It’s not often that a “research letter,” a short, preliminary report about ongoing research, makes it into the national media. But this week, newspapers picked up on just this kind of article from Nature, a prominent science journal. The article tentatively concluded that people aged 60-85 who practiced a custom designed video game several hours a week got better at multi-tasking. Not only that, but the improvement persisted 6 months later and was manifest not just in better performance on the game but in other measures of attention and memory. So is it time for octogenarians to start playing video games with their grandchildren?

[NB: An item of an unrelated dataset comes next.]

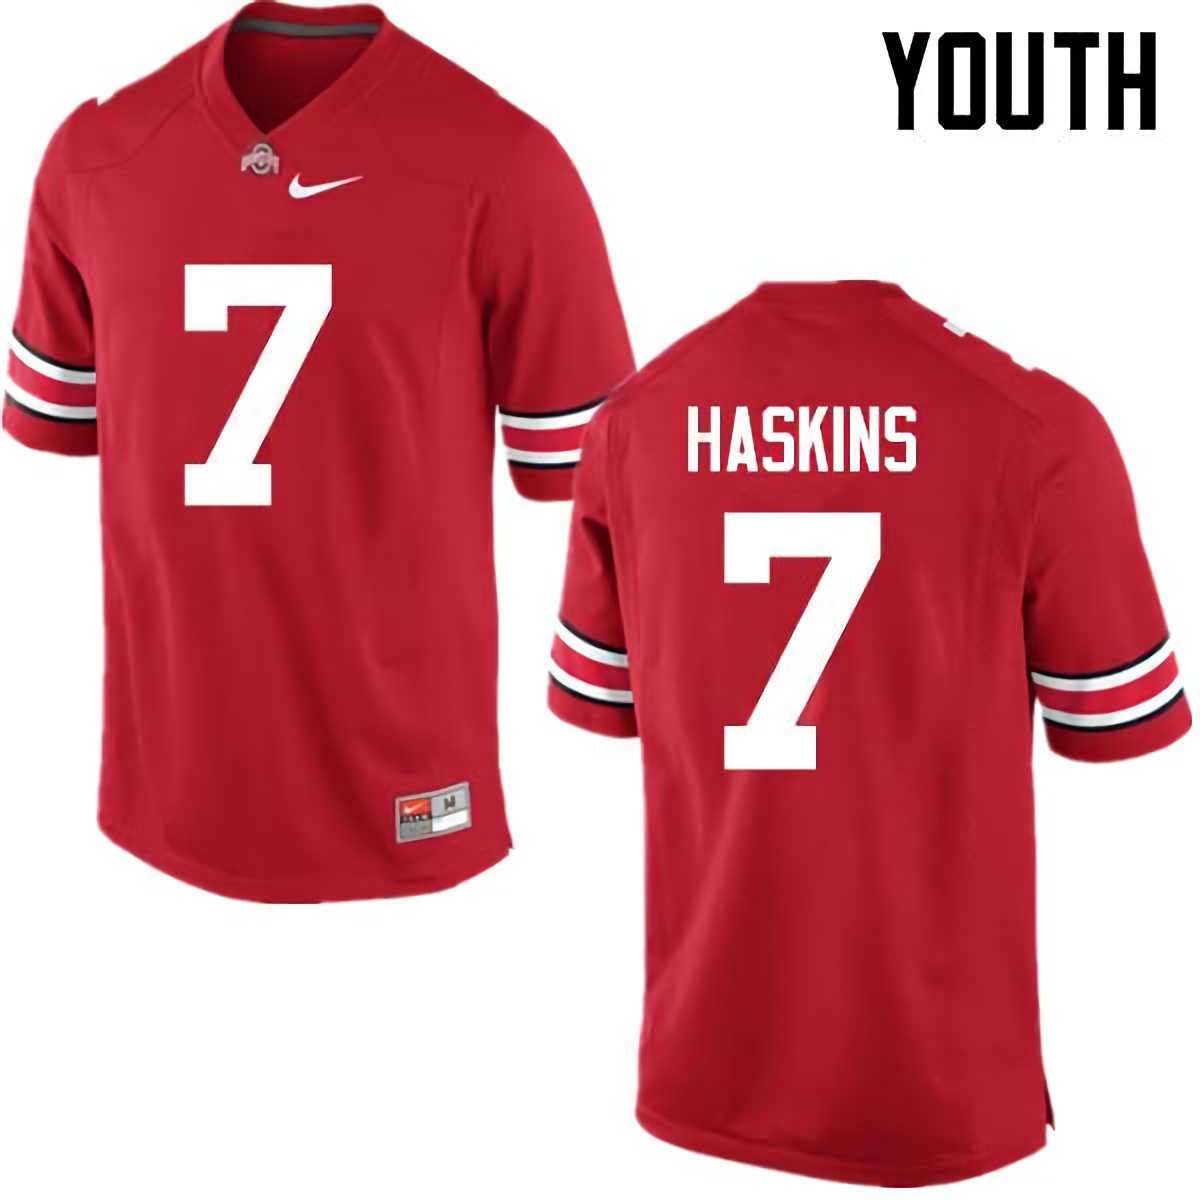 Dwayne Haskins Ohio State Buckeyes Youth NCAA #7 Nike Red College Stitched Football Jersey DFU7556DJ

Even before the University of California San Francisco lab published its NeuroRacer results, online companies like Lumosity were doing a booming business. Calling itself a “brain training and neuroscience research company,” Lumosity creates computer-based games that ostensibly offer a “scientifically proven brain workout.” It reported a 150% increase in business between 2012 and 2013, with 35 million users worldwide by January of this year and as many as 100,000 new subscribers each day. Clearly, people want to believe that playing mind games will keep them sharp and perhaps even fend off dementia.

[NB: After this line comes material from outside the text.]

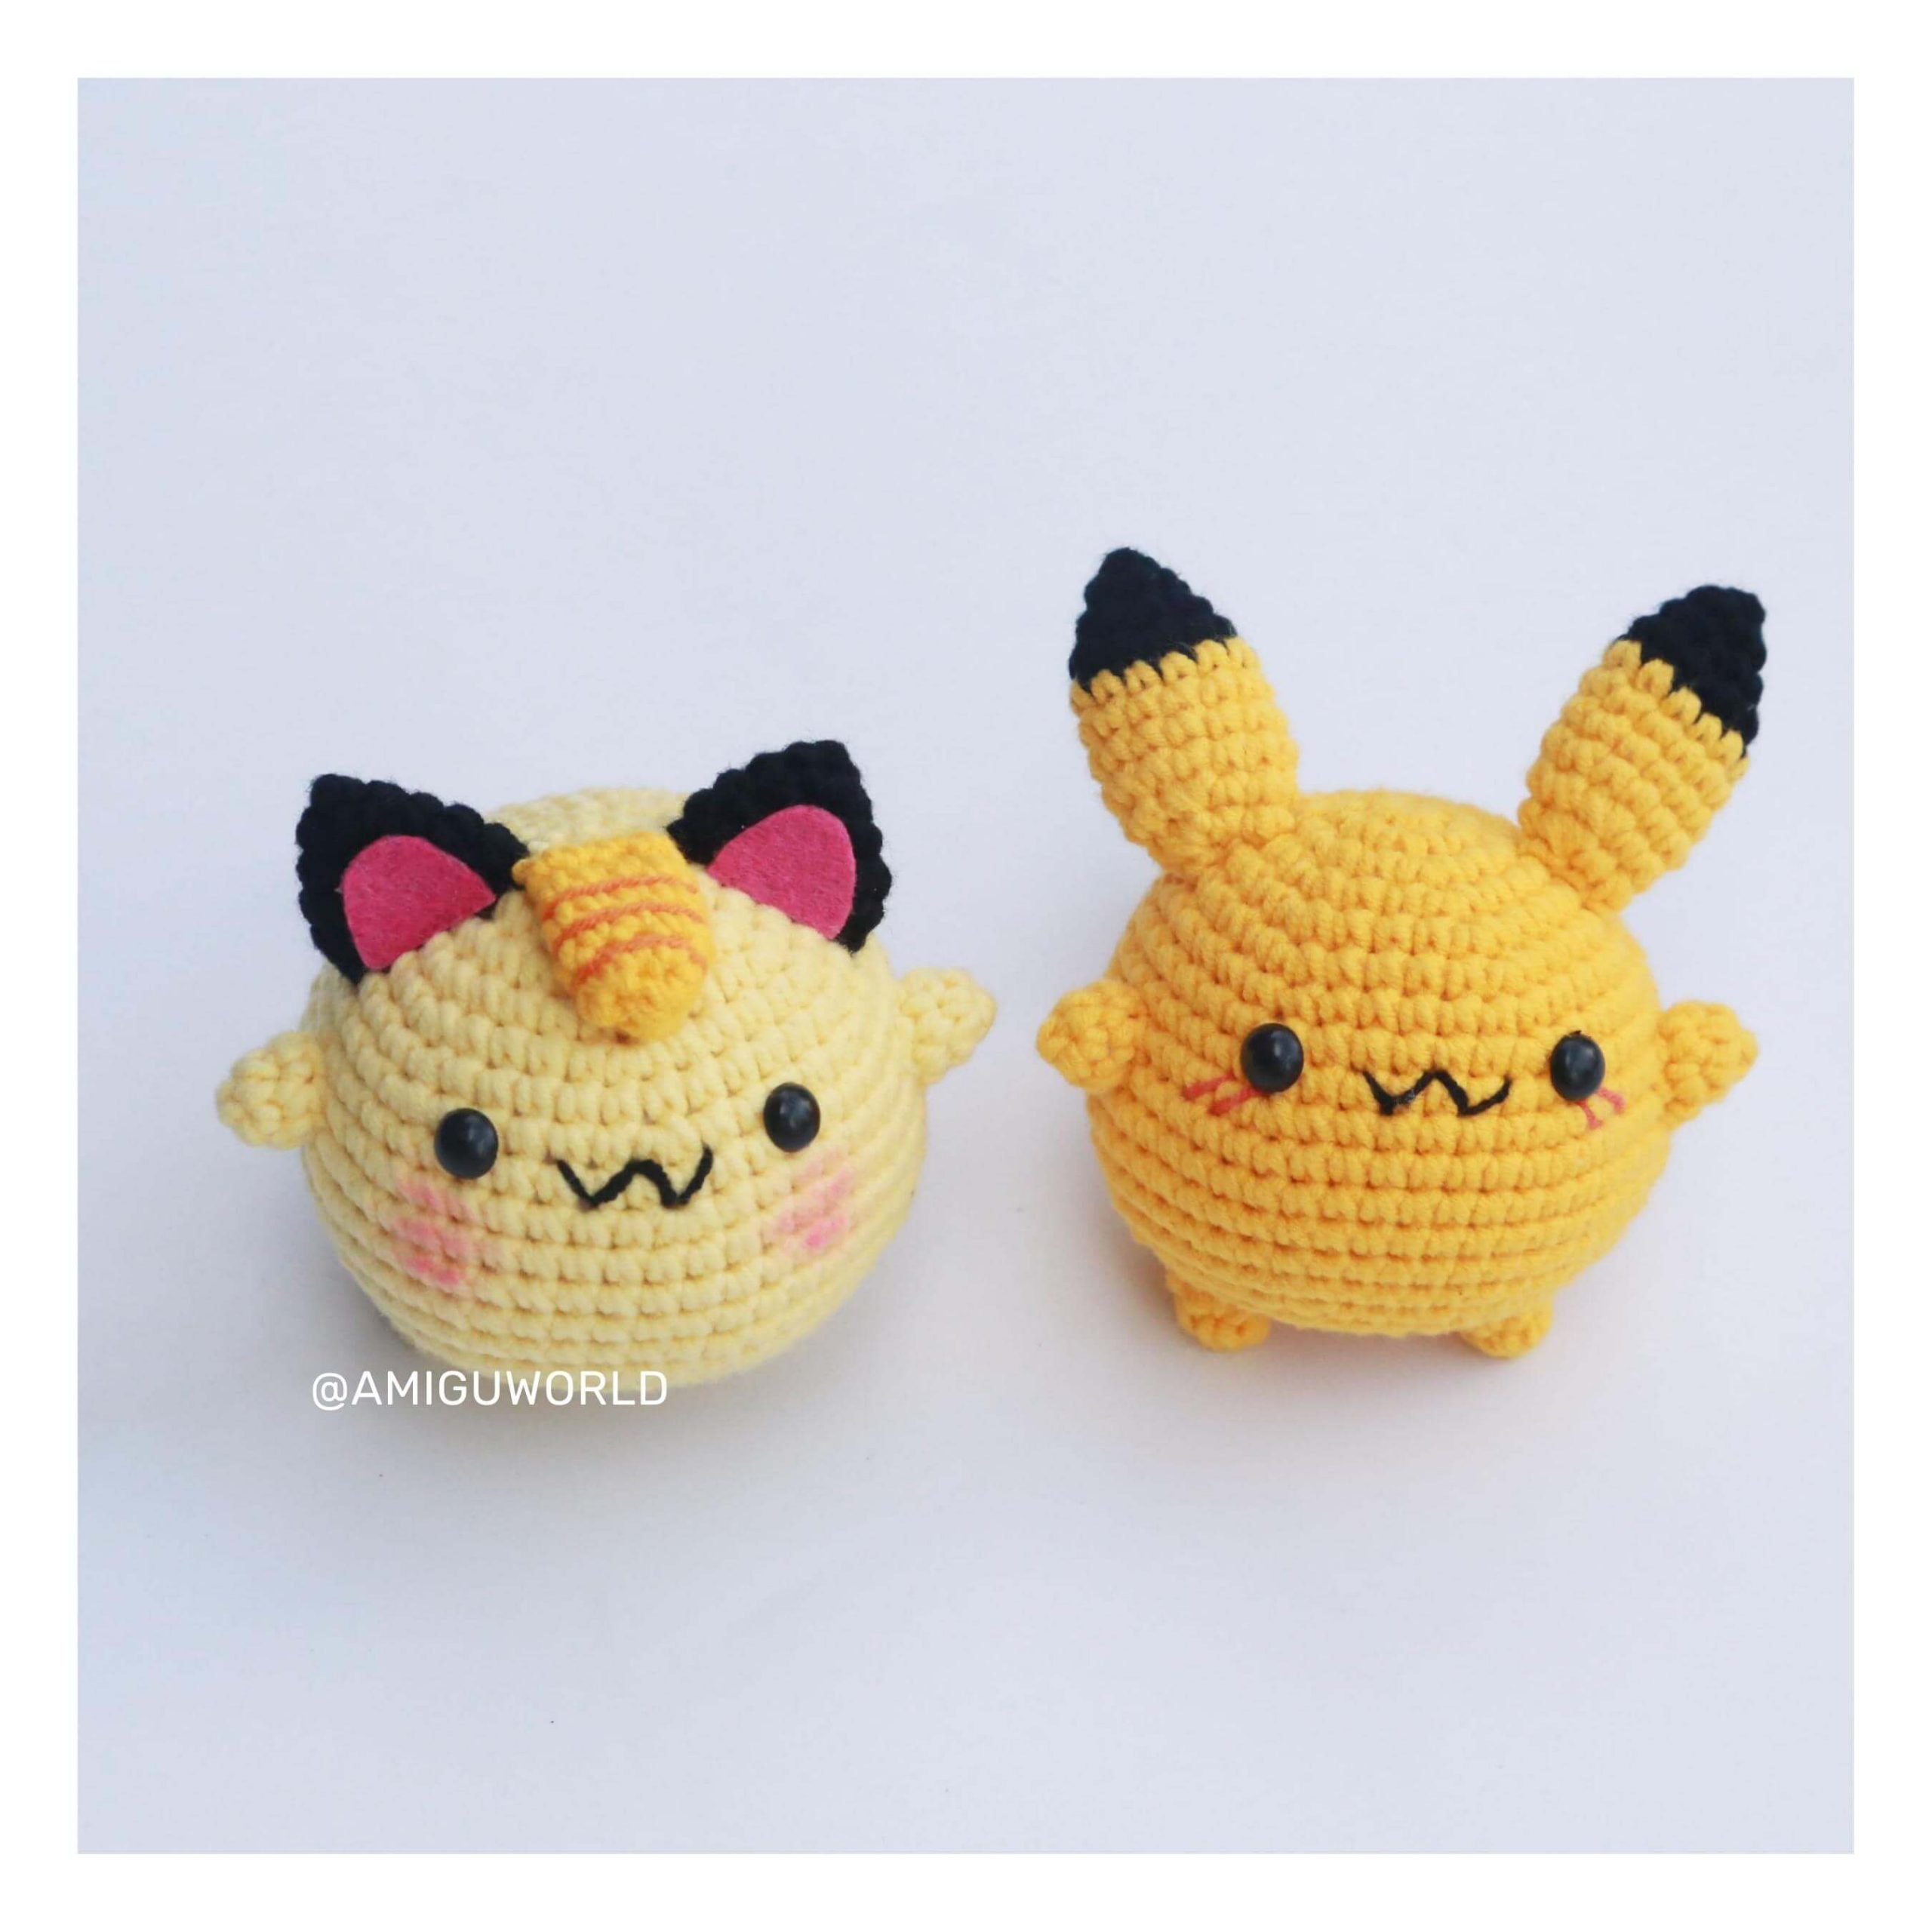 Meowth-amigurumi-crochet-pattern-by-AmiguWorld (6)

To be fair, the authors of the study in Nature aren’t proposing anything of the kind. They offer their work as an illustration of the “plasticity” of the “prefrontal cortex,” or the ability of the brain to adapt with practice, even at older ages. But do mind exercises translate into useful improvements—as opposed to better scores on simple tests? And at least as important, if mind exercises are effective, what about singing in a chorus? Participating in a discussion group? Writing a letter-to-the-editor? The new study compared volunteers (hardly a random selection of the population) who played the video game to other volunteers who did not; it did not compare playing the video game to other activities.

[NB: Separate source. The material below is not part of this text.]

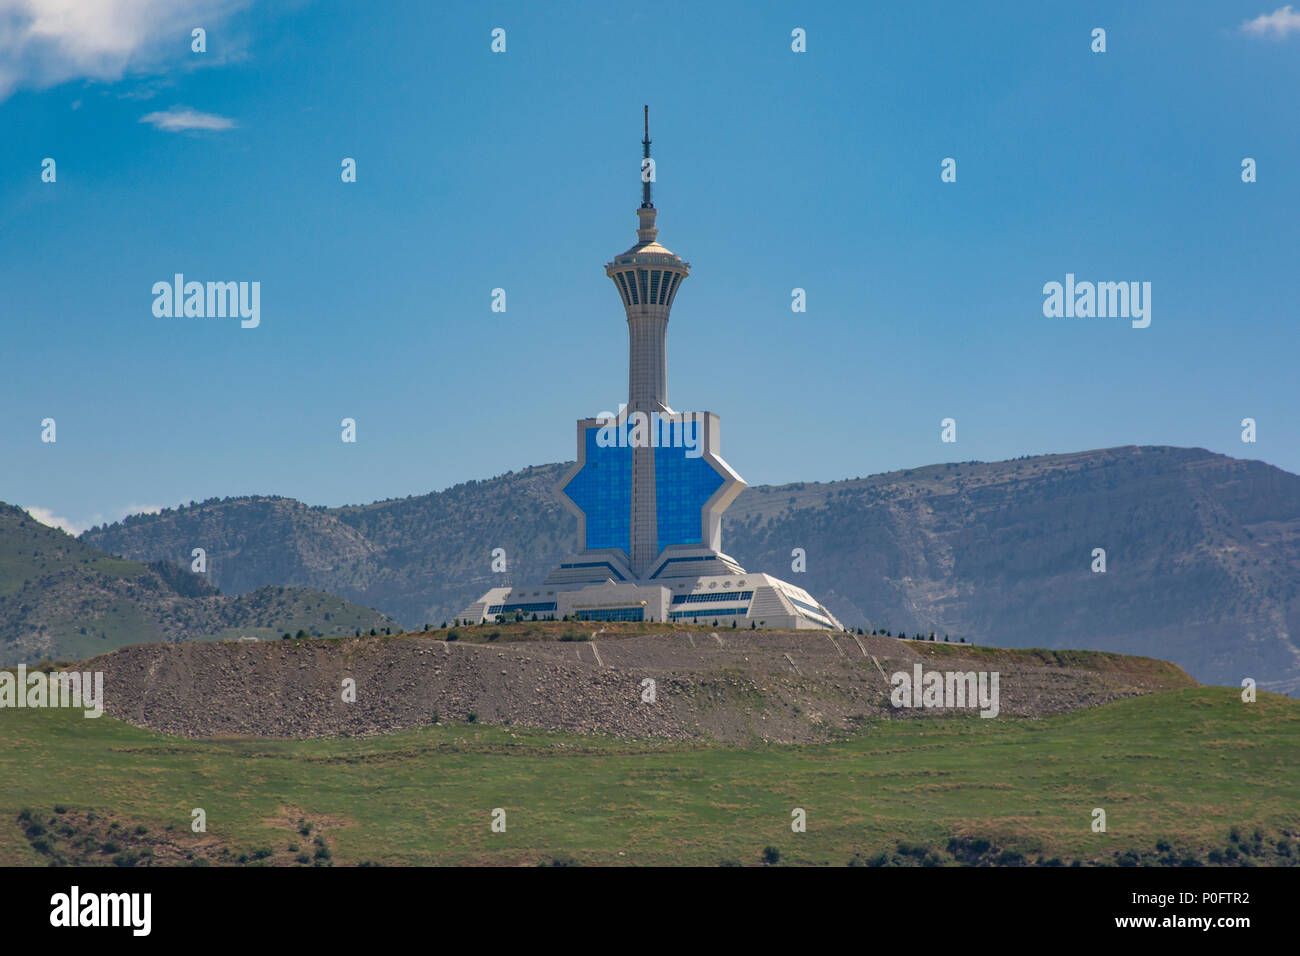 La torre della TV, Aşgabat, Turkmenistan Foto Stock

What’s wonderful about these other pastimes—playing music, arguing, writing—is that they are fulfilling in and of themselves, whatever their cognitive benefit. Social engagement helps prevent depression; it gives people a sense that they matter. Perhaps it’s harder to study the effects of making music than to measure the EEG (brain wave) correlates of playing video games; after all, playing Beethoven may be different from playing Mozart, trios may be more challenging than duets, and playing the piano may not be equivalent to playing the clarinet. It’s certainly a great deal easier to monetize a video game than a social network that helps older people find others with shared interests.
Researchers should keep on studying highly standardized, precise activities. But for now, I’d take my chances with the real world, not the virtual world.